とあるコワーキングスペースでのできごとである。その空間は、10人くらいが働けるエリアだった。そこそこ広々としており、その時点で働いている人は私を含め3人。なるべく距離を取って席についており、感染症には配慮しているわけだ。そこで私は、ペットボトルのお茶を手に取り、マスクを外して飲んだ。

その際、まあよくあることだと思うのだけど、変な感じでお茶を飲み込んでしてしまい、ケホッケホッと咳払いが出たのだ。むせたというか、無意識の反射反応である。まあ、のどの調子を整える程度の小さな咳払いだ。

「ケホッ」
「ちょっと! あなた、咳をするのにマスクもできないんですか!! マスクできないなら、ここから至急退出してください!!!!」

怖い。
怖いのである。

いきなりのテンションマックス。「す、すみません……」謝ることは謝るけど、どうも釈然としない。お茶飲めばマスクも外すし、咳払いが出ることもある。なのに、いきなり見ず知らずの人に本格派のお説教とは、ちょっと攻撃的すぎやしないか。

↑写真はイメージで、筆者ではありません

「清潔であること」
「衛生的であること」

それはもちろん素晴らしいし、徹底するにこしたことはない。でもなんというか、あんまりにもその考えにガチガチに縛られるのは嫌だなとも思う。「清潔」「衛生」を手に入れる代わりに、社会は「思いやり」とか「寛容」とか、そういうパラメータがどんどん減ってしまってないだろうか?

コロナウイルスは、「折角」を、「清潔であること」に、紐づけてしまったのだ。

「折角はじめたマスク生活、続けときましょう」
「折角アルコール除菌清掃を始めたんだから、今後も徹底しましょう」

いいことならば、続ければいい。
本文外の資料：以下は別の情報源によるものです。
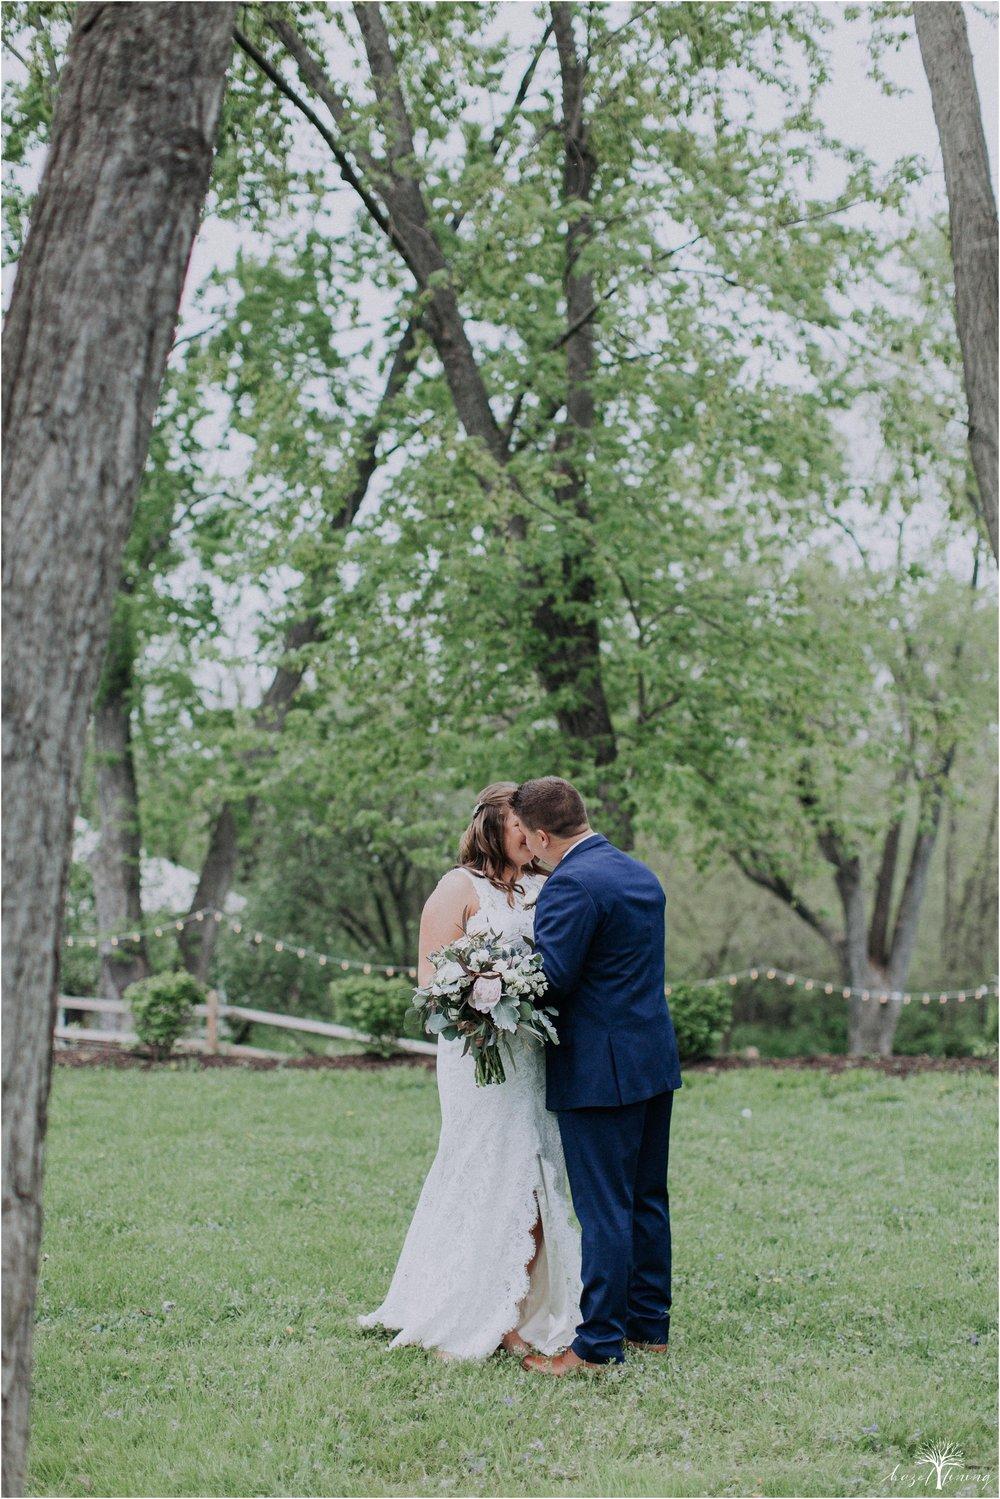 hazel-lining-travel-wedding-elopement-photography-abby-skyler-hunt-the-willis-house-york-pennsylvania-outdoor-estate-wedding_0028.jpg

それはその通り。でも、先にも書いたように「折角」は、思考停止を導く危険なワードだ。マスクを外しての「ケホッ」が絶対ダメで、「マスクしてのいきなり怒鳴りつけ」のほうがいいなんて、そんな社会はイヤだ。もっというと、怒鳴りつけのほうが結局ウイルスをまき散らしそうじゃないか。そう思ってしまうわけで、その辺は少し落ち着いていこう。

ここ数年で、「清潔」「衛星」へのスタンスは確実に変わった。「厳しくなった」ともいえる。でも、その「徹底した清潔」の代償が、「ギスギスした人間関係」だとしたら、そんな「清潔がんじがらめ」は嫌だと思う。もちろん「清潔」はいいことだし、必要なこと。でも清潔を遵守するあまりに、「規則」みたいになってしまい、「規則」を逸脱した他者を攻撃する社会は好きではない。

それからもう一つ。

47歳って、こんなに怒られるものだろうか。「社会が清潔に縛られすぎている」とかなんとかもっともらしく書いてきたわけが、どうも、本当の問題は私本人にあるような気もする。

2023年は「清潔」を守って、ほかの人に怒られない一年にしたいと思う。小学生の目標みたいだ。